Output: one parquet per day file in `results/ceed/{region}/`, with columns:
`event_id, station_id, waveform_index, origin_id, origin_index, origin_time, phase_index, phase_time, phase_score, phase_type, phase_polarity`

### DAS Prediction

```bash
# Predict with base PhaseNet on a HuggingFace subset
python scripts/predict_das.py --subset arcata --plot

# Predict with a trained DAS model on local data
python scripts/predict_das.py \
    --data-dir data/quakeflow_das/arcata/data \
    --model-type phasenet_das_plus \
    --checkpoint output/train_das_arcata/checkpoint.pth \
    --output-dir results/das/train_das_arcata/arcata \
    --no-ema --plot

# Predict from a file list
python scripts/predict_das.py \
    --file-list file_list.txt \
    --model-type phasenet_das_plus \
    --checkpoint output/model.pth \
    --plot

# Multi-GPU prediction
bash scripts/predict_das.sh phasenet_das_plus arcata 8 output/model.pth
```

Output: one parquet per event in `results/das/{model_name}/{subset}/`, with columns:
`event_id, channel_index, origin_id, origin_index, origin_time, phase_index, phase_time, phase_score, phase_type, dt_s, ps_center, ps_interval`

By default, picks are associated using P-S pairing.
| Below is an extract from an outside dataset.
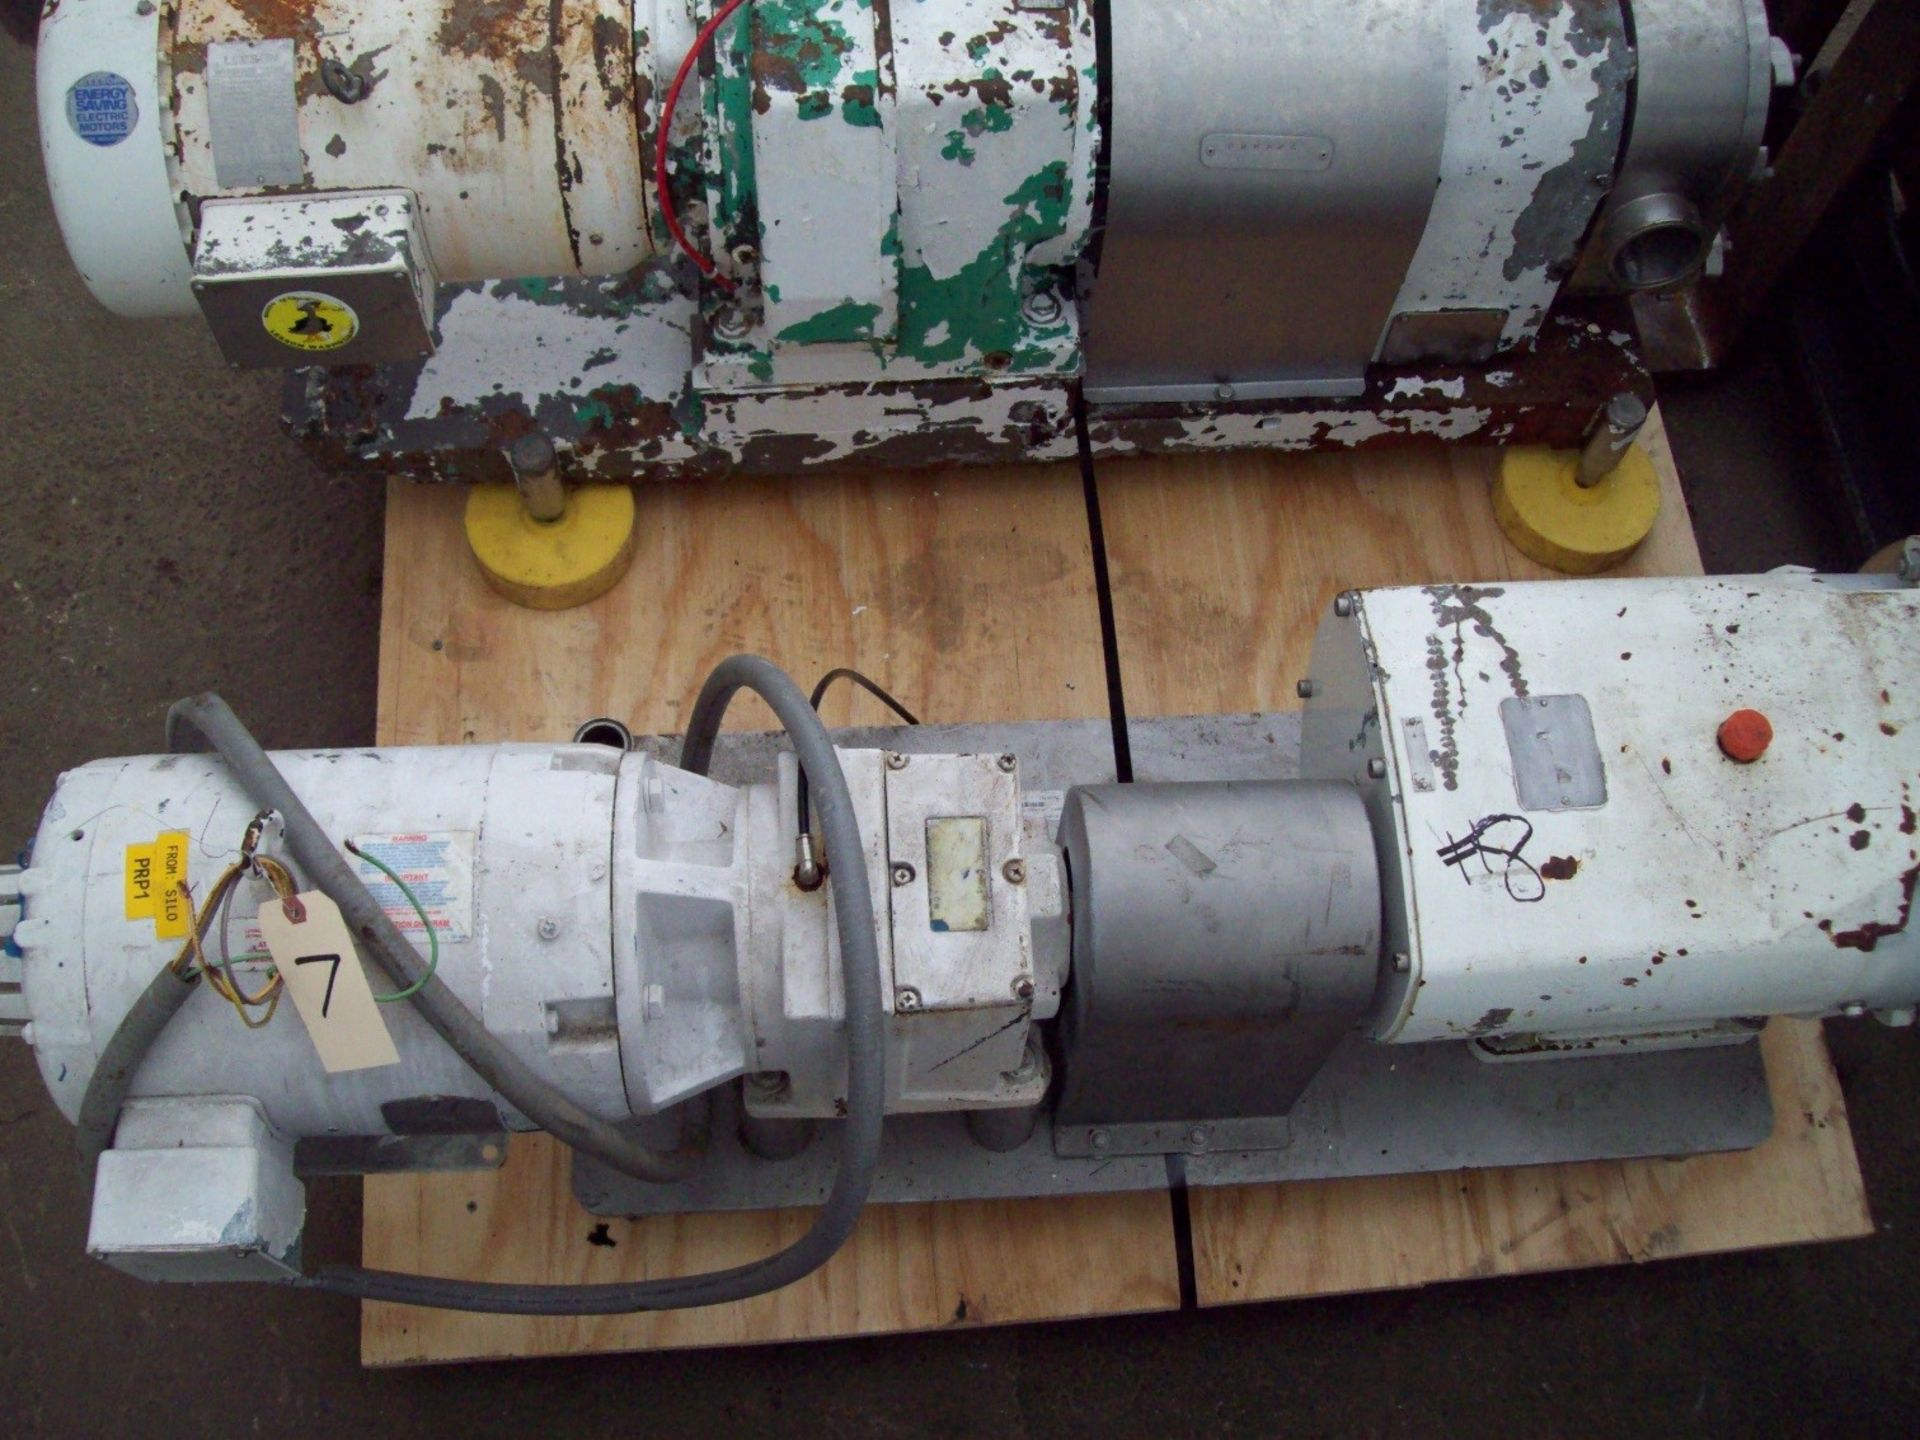 G&H 5 HP S/S Rotary Positive Displacement Pump, Model 732, S/N 94-12-4770A, 1760 RPM, 4” Inlet and
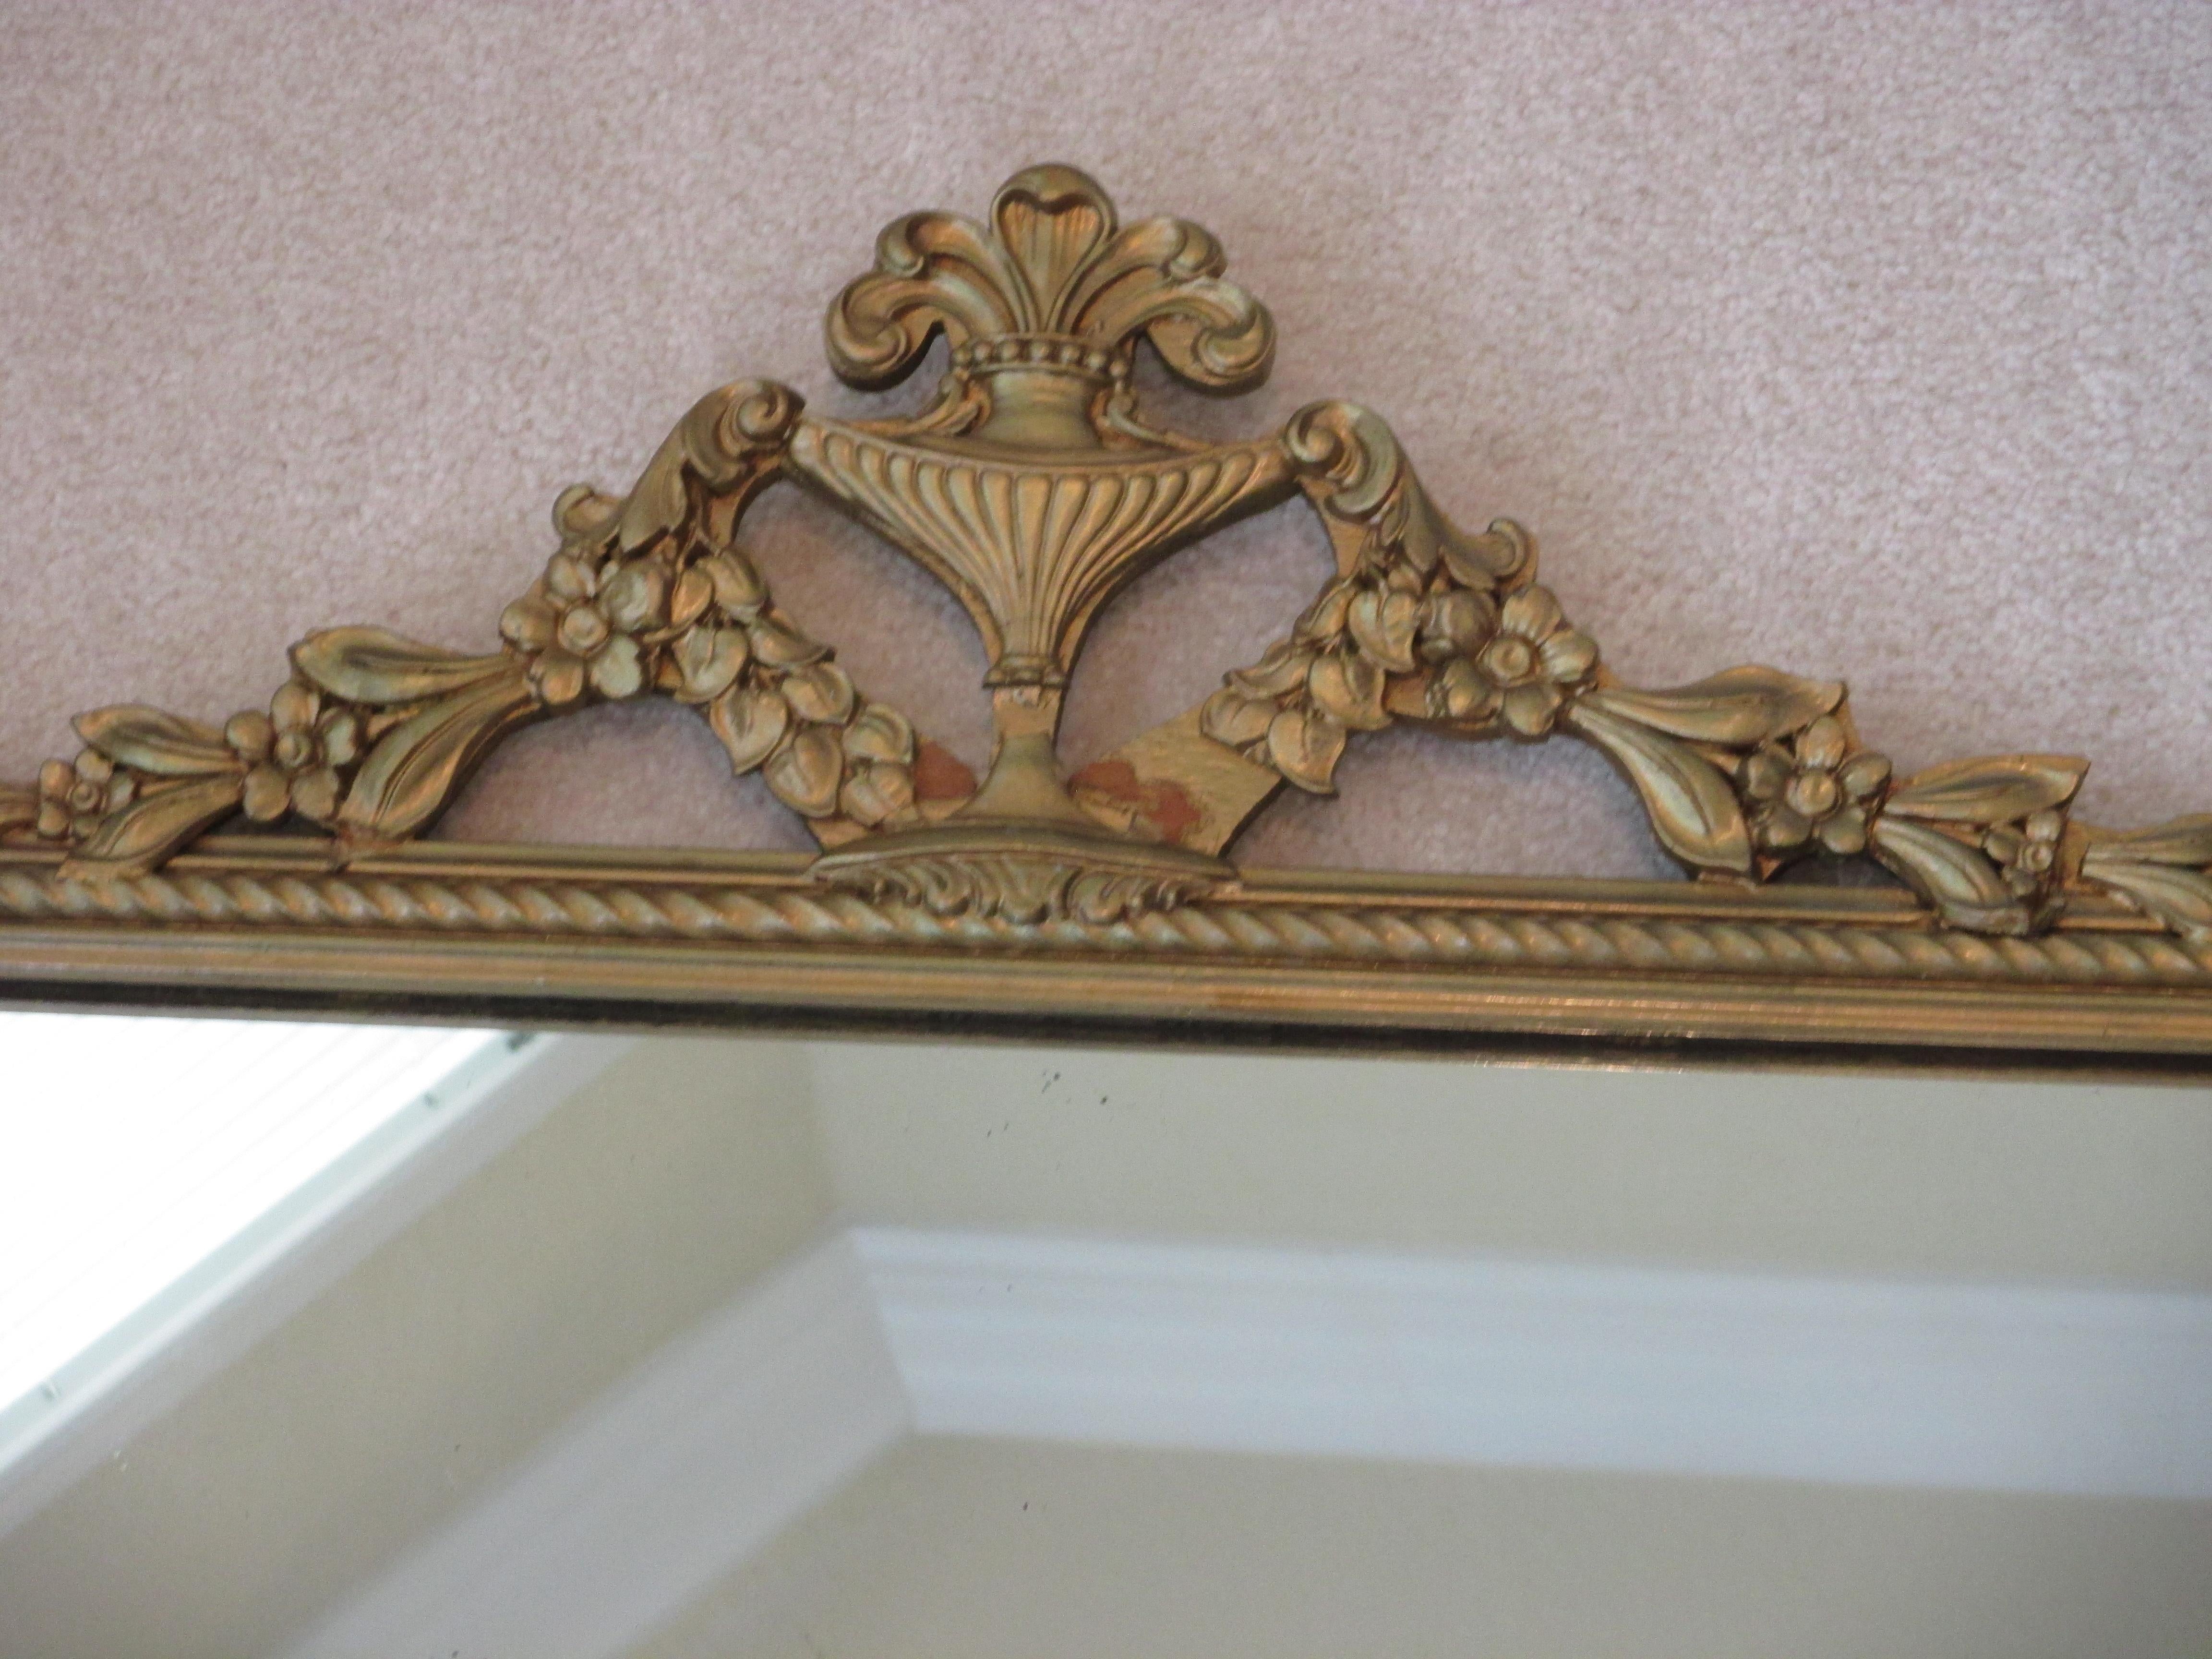 Beautiful vintage gold wooden mirror with ornate trim. Hanging hardware is attached.

Use `--use-event-head` to associate via the model's event detection head instead.

## Training

### CEED (Seismic) Training

```bash
python train.py \
    --model phasenet_plus \
    --dataset-type ceed \
    --label-path results/ceed \
    --nx 16 \
    --max-iters 100000 \
    --batch-size 8 \
    --workers 4 \
    --lr 3e-4 \
    --eval-interval 5000 \
    --output-dir output/train_ceed
```

### DAS Training

```bash
# Using the training script
bash scripts/train_das.sh 0 arcata v26

# Or directly
python train.py \
    --model phasenet_das_plus \
    --dataset-type das \
    --data-path data/quakeflow_das/arcata/data \
    --label-path results/das/phasenet/arcata/picks \
    --label-list results/das/phasenet/arcata/labels.txt \
    --nx 2048 --nt 4096 \
    --num-patch 16 \
    --max-iters 50000 \
    --batch-size 2 --workers 8 \
    --lr 1e-4 --weight-decay 0.01 \
    --model-ema --model-ema-decay 0.999 \
    --eval-interval 1000 --save-interval 1000 \
    --output-dir output/train_das_arcata_v26
```

### Key Training Options

| Option | Description | Default |
|--------|-------------|---------|
| `--num-patch N` | Random crops per DAS sample (amortizes IO) | 2 |
| `--model-ema` | Enable exponential moving average | off |
| `--gradient-accumulation-steps N` | Accumulate gradients for larger effective batch | 1 |
| `--clip-grad-norm V` | Gradient clipping | 1.0 |
| `--compile` | Enable torch.compile | off |
| `--resume --checkpoint PATH` | Resume from checkpoint | - |
| `--reset-lr` | Reset LR schedule when resuming | off |

## Semi-supervised Training

Iterative self-training pipeline for DAS: predict → train on predictions → predict with new model → repeat.

```bash
# Start from PhaseNet (train DAS model from scratch)
bash scripts/semisupervised_das.sh arcata 5 0

# Start from a pretrained DAS model
bash scripts/semisupervised_das.sh arcata 5 0 phasenet_das output/train_das_v26/checkpoint.pth
```

Arguments: `[subset] [num_iterations] [gpu] [start_from] [checkpoint]`

- **From phasenet**: iteration 0 predicts with PhaseNet, iteration 1 trains from scratch (10k steps, warmup), iterations 2+ continue (1k steps, no warmup)
- **From phasenet_das**: iteration 0 predicts with pretrained DAS model, iterations 1+ continue (1k steps, no warmup)

Results are saved to `results/semisupervised_das/` and checkpoints to `output/semisupervised_das_v{N}/`.